#### [EXTRACTED INFORMATION]
*** Block opens ***

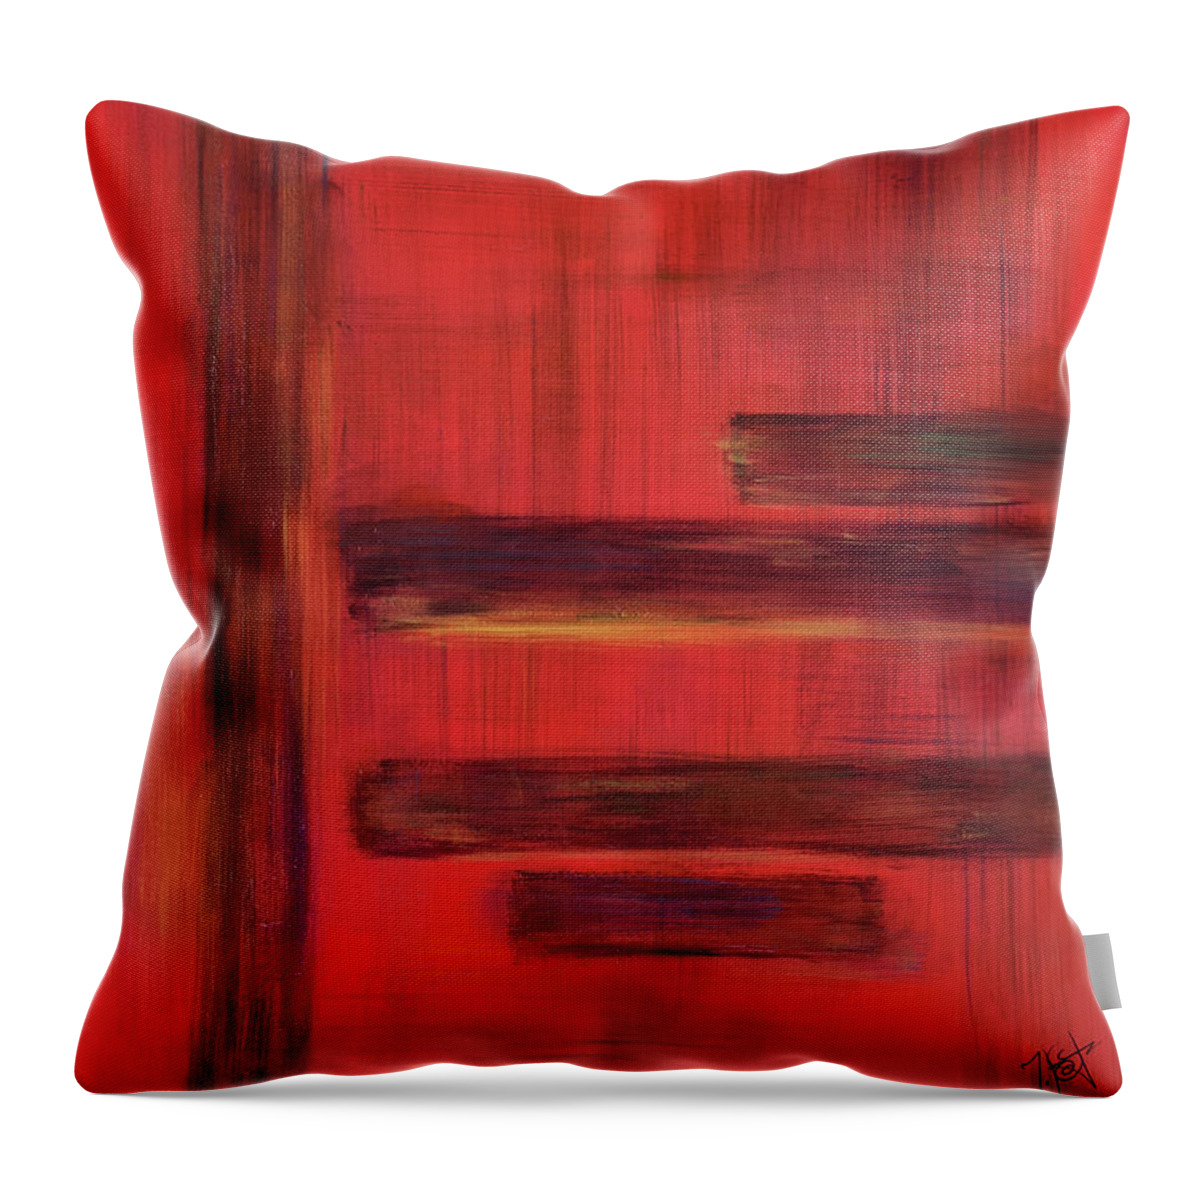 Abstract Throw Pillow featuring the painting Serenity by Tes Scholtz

*** Block closes ***
*** Block opens ***

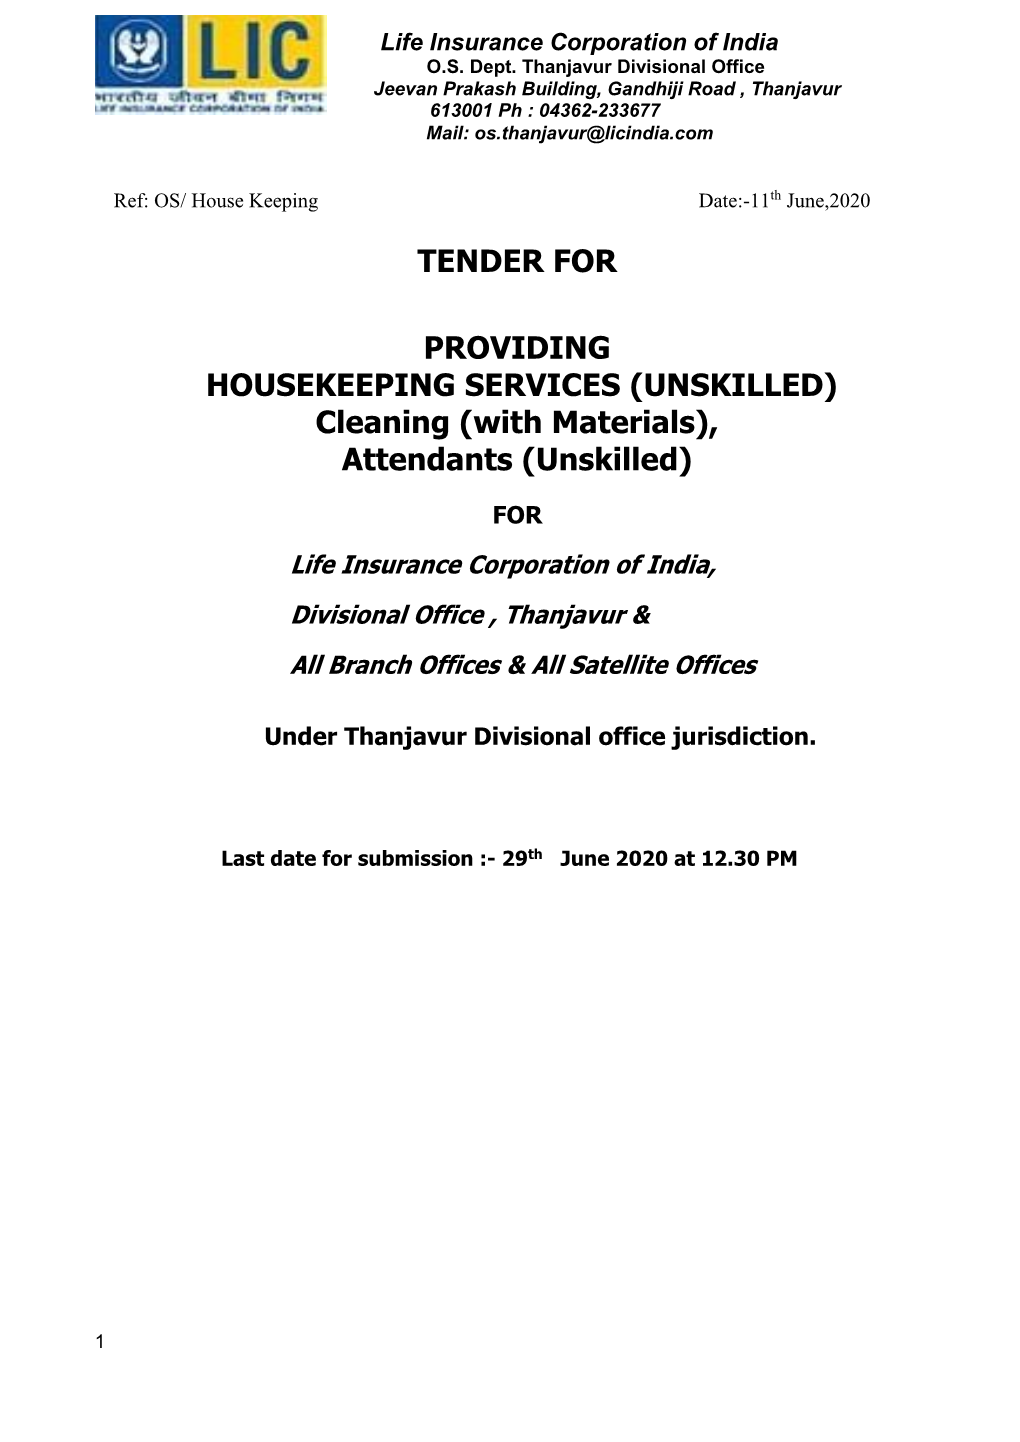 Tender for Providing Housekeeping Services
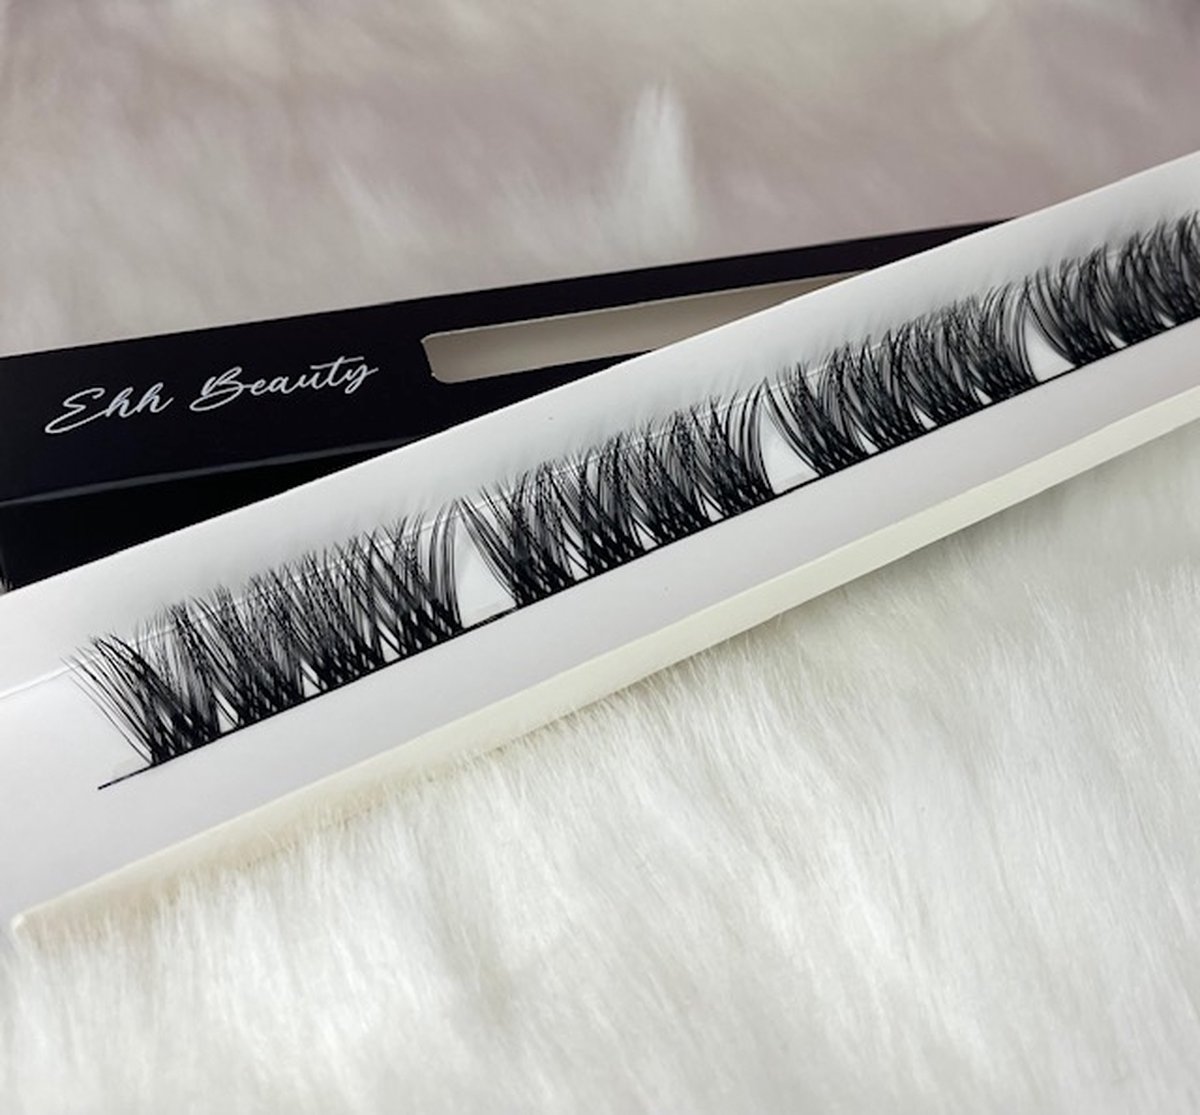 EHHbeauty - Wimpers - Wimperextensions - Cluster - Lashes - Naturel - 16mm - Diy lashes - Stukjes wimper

*** Block closes ***

What should come back is an exact copy of the lines above from the line with "Tender for Providing Housekeeping Services" to the line with "EHHbeauty - Wimpers", both included, minus the pictures.

#### [FINAL ANSWER]
 Tender for Providing Housekeeping Services
 EHHbeauty - Wimpers - Wimperextensions - Cluster - Lashes - Naturel - 16mm - Diy lashes - Stukjes wimper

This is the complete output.